Tijdens de zitting op 28 november 2013 werd de zaak behandeld, waarbij [appellant] werd bijgestaan door zijn advocaat. De Afdeling bestuursrechtspraak van de Raad van State heeft de zaak vervolgens beoordeeld. De Afdeling concludeert dat de rechtbank terecht heeft overwogen dat het college in redelijkheid heeft kunnen besluiten om geen ontheffing te verlenen op grond van de bouwverordening, gezien de hoge parkeerdruk in het Veemarktkwartier. De rechtbank heeft ook terecht geoordeeld dat er geen bijzondere omstandigheden waren die een ontheffing rechtvaardigden. Het hoger beroep van [appellant] is ongegrond verklaard, en de aangevallen uitspraak is bevestigd. Er is geen aanleiding voor een proceskostenveroordeling.

Uitspraak

201303580/1/A1.
Datum uitspraak: 5 maart 2014
AFDELING
BESTUURSRECHTSPRAAK
Uitspraak op het hoger beroep van:
[appellant A] en [appellante B], wonend te 's-Hertogenbosch (hierna tezamen in enkelvoud: [appellant]),
tegen de tussenuitspraak van 4 juli 2012 en de einduitspraak van 8 maart 2013 van de rechtbank 's-Hertogenbosch in zaak nr. 11/2339 in het geding tussen:
[appellant]
en
het college van burgemeester en wethouders van 's-Hertogenbosch.
Procesverloop
Bij besluit van 26 november 2009 heeft het college [appellant] gelast het pand op het perceel [locatie] te 's-Hertogenbosch in de oorspronkelijke staat terug te brengen.

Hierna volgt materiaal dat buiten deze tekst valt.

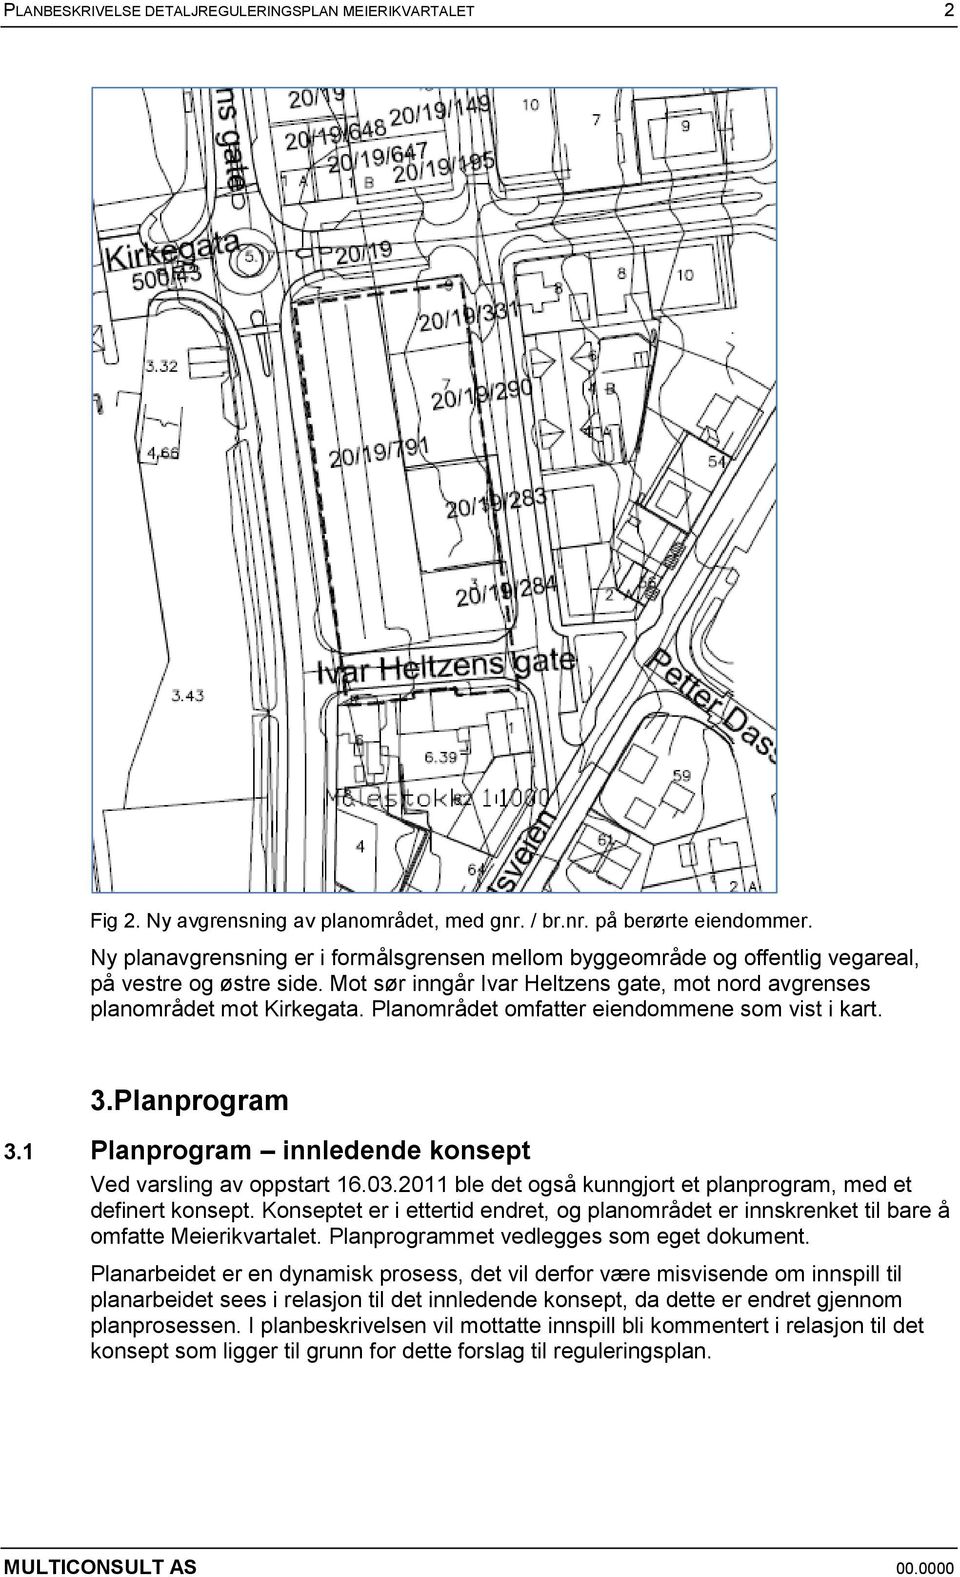 Planområdet omfatter eiendommene som vist i kart. 3.Planprogram 3.1 Planprogram innledende konsept Ved varsling av oppstart 16.03.2011 ble det også kunngjort et planprogram, med et definert konsept.

Bij besluit van 20 juli 2010 heeft het college geweigerd [appellant] bouwvergunning te verlenen voor het splitsen van een woning in drie appartementen op het perceel.
Bij besluit van 8 juni 2011 heeft het college het door [appellant] tegen de besluiten van 26 november 2009 en 20 juli 2010 gemaakte bezwaar ongegrond verklaard.
Bij tussenuitspraak van 4 juli 2012 heeft de rechtbank het college opgedragen de in het besluit van 8 juni 2011 geconstateerde gebreken te herstellen.
Bij brief van 29 augustus 2012 heeft het college het besluit van 8 juni 2011 nader gemotiveerd.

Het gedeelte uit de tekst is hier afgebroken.